What I understood was that when the collector current increases the voltage across the emitter resistance increases and this change in voltage opposes the fixed voltage supplied by the potential divider circuit and the base emitter voltage decrease(Vbe= Vb -Ve) therefore the collector current decreases and the output remains stable under all conditions as temperature ,supply variation and ac input voltages variations .

What I need is that someone corrects what I understood or otherwise confirm that my thoughts are correct.

Thank you and good wishes

SM
 

crutschow

Joined Mar 14, 2008
34,201
Yes, your understanding appears to be basically correct. In general, negative feedback feeds back part of the signal to the input to stabilize the gain and/or operating point of the circuit. The idea is the make the circuit operation dependent upon the feedback element values (which can be quite stable) instead of the transistor gain, which is quite variable.

Note that the degree of stability that negative feedback gives is determined by the amount of feedback. The more feedback, the greater the stability (the trade-off is that the circuit gain decreases in proportion to the amount of feedback).

Op amps circuits normally use a high amount of negative feedback to give very stable circuit operation, where the feedback basically determines the circuit input-output transfer characteristics. This works because the op amp has such a high open-loop gain (at least at low frequencies) that, for reasonable circuit gains, the feedback value can be the predominant factor determining the circuit response. That's why op amps are used for so many analog signal processing applications. They are sort of the "swiss-army-knife" of analog circuits.
 

MaxHeadRoom

Joined Jul 18, 2013
28,576
Another view is to look at the purpose of the capacitor often called a decoupling capacitor, which essentially means that the intention is to make the emitter the same potential as the power common as far as the signal is concerned.
Max.
 

#12

Joined Nov 30, 2010
18,224
The focus of this concept is the base to emitter voltage. If you increase the base voltage by a tenth of a volt, more current will flow from the collector through the emitter. If the emitter is just grounded, the only limit to the increase in current is the gain of the transistor (Ic = .1 Hfe). As soon as you add some resistance between the emitter and ground, the increase in current is limited by (change in base voltage) / (collector current times emitter resistor). Very predictable!

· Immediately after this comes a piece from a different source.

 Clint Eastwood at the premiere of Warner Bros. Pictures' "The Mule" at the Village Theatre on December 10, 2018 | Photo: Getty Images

You can do this in rather convoluted loops that control the voltage gain of several stages at once. You can do this in AC only, DC only, or both at once. Very convenient!
 

KL7AJ

Joined Nov 4, 2008
2,229
Hello
I am 29 year old man working as a maintenance technician, currently I am studying electronics to enrich my knowledge to open new doors in the future. I am certain that here you will give me the help I need,

My difficulty is understanding the principle of operation and how does it work the negative feedback (emitter resistor with out capacitor) of a common emitter amplifier. I tried on the web several search attempts but didn't
fully understood the text.

What I understood was that when the collector current increases the voltage across the emitter resistance increases and this change in voltage opposes the fixed voltage supplied by the potential divider circuit and the base emitter voltage decrease(Vbe= Vb -Ve) therefore the collector current decreases and the output remains stable under all conditions as temperature ,supply variation and ac input voltages variations .

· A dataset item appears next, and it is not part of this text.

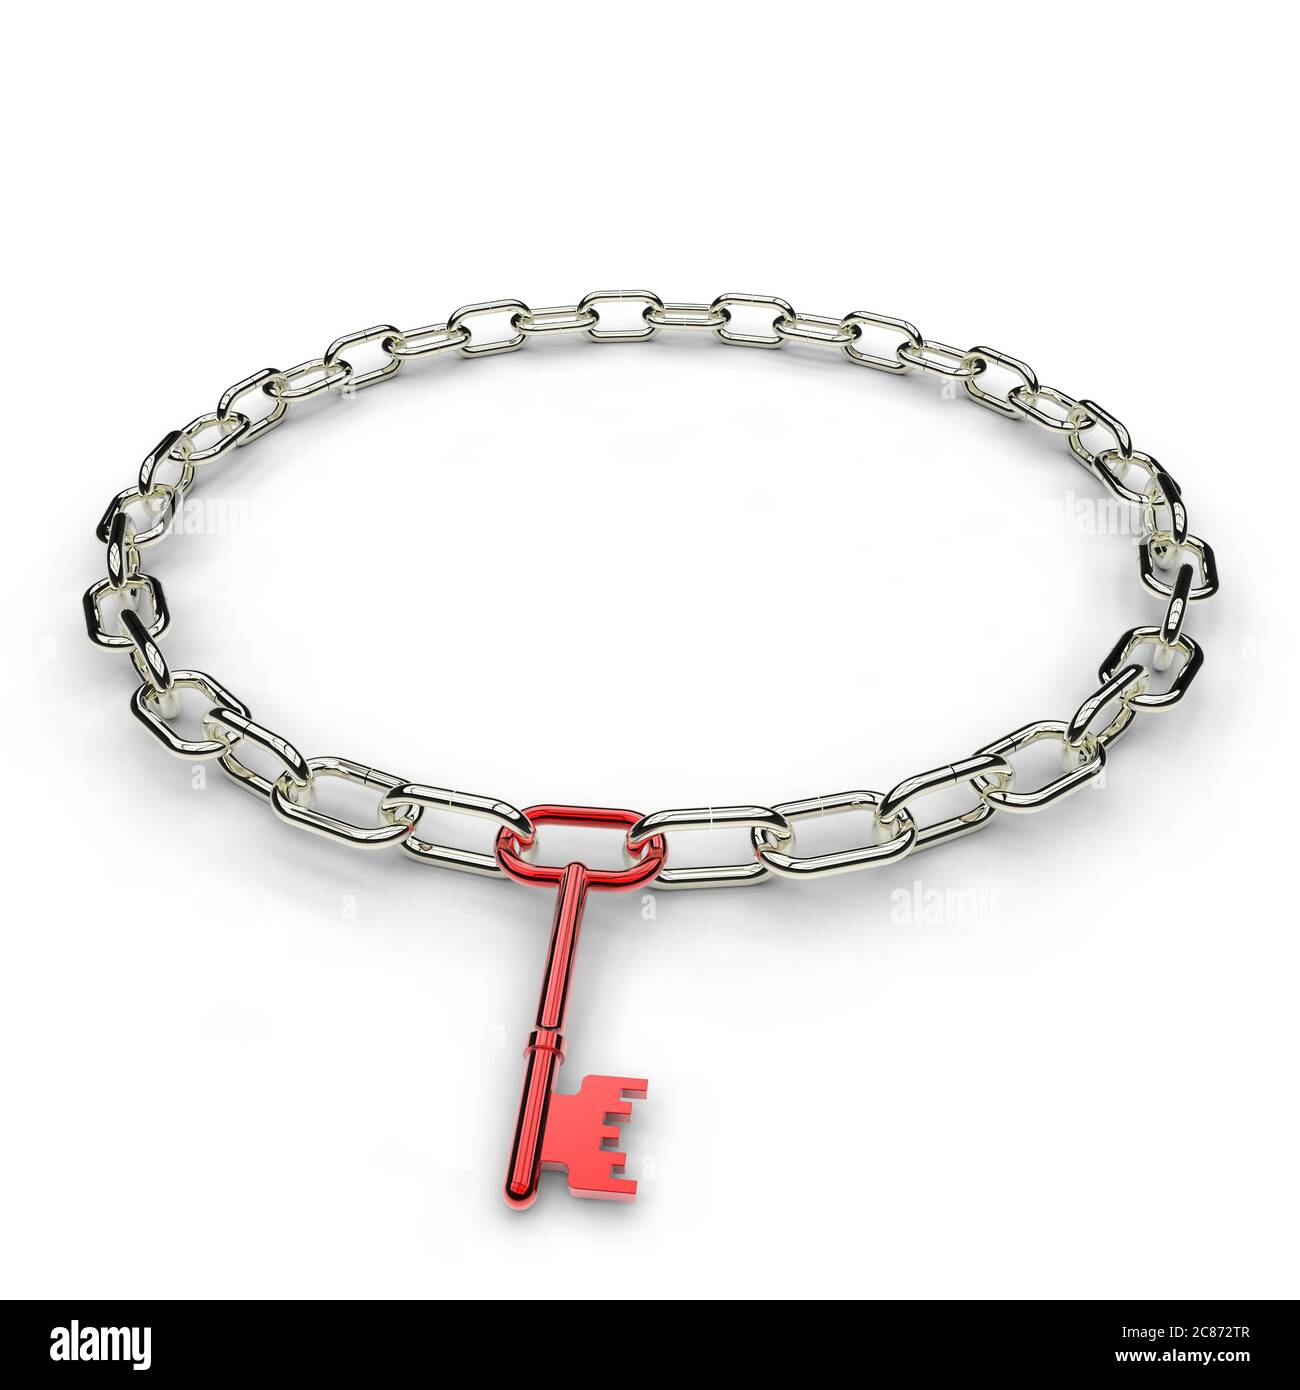 Red key link in a silver circular chain on a white background Stock Photo

What I need is that someone corrects what I understood or otherwise confirm that my thoughts are correct.

Thank you and good wishes

SM
An unbypassed emitter resistor (or cathode resistor in a tube amplifier) provides negative CURRENT feedback. It tends to want to reduce the base-emitter current variations, thus reducing overall gain.
 

MrChips

Joined Oct 2, 2009
30,621
Your understanding is correct. To get an insight on feedback, consider the following three situations:
  1. positive feedback
  2. no feedback
  3. negative feedback
As an analogy, consider your foot pressing on the gas pedal of an automobile moving on the highway.

1) Positive feedback means that as the car goes faster your foot presses harder on the gas pedal and the car moves even faster. The end result is the car keeps on accelerating for ever until you blow the engine or the hwy patrol comes after you.

2) No feedback means you are deaf and blind as to how fast you are going.

3) Negative feedback means that you hear the engine rpm, watch how fast you past every other car and observe the speedometer. You then moderate the pressure on the gas pedal and hold the car at a comfortable speed.

In electronic amplifiers, positive feedback results in run-away and oscillations. Negative feedback keeps the output in check at a manageable voltage.

With no bypass capacitor across the emitter resistor, negative feedback is used to stabilize the DC operating voltages (Q-point) of the transistor amplifier. Hence the AC gain is reduced. By applying a capacitor across the emitter resistor, you restore some of the AC gain (frequency dependent) without affecting the DC balance point (Q-point).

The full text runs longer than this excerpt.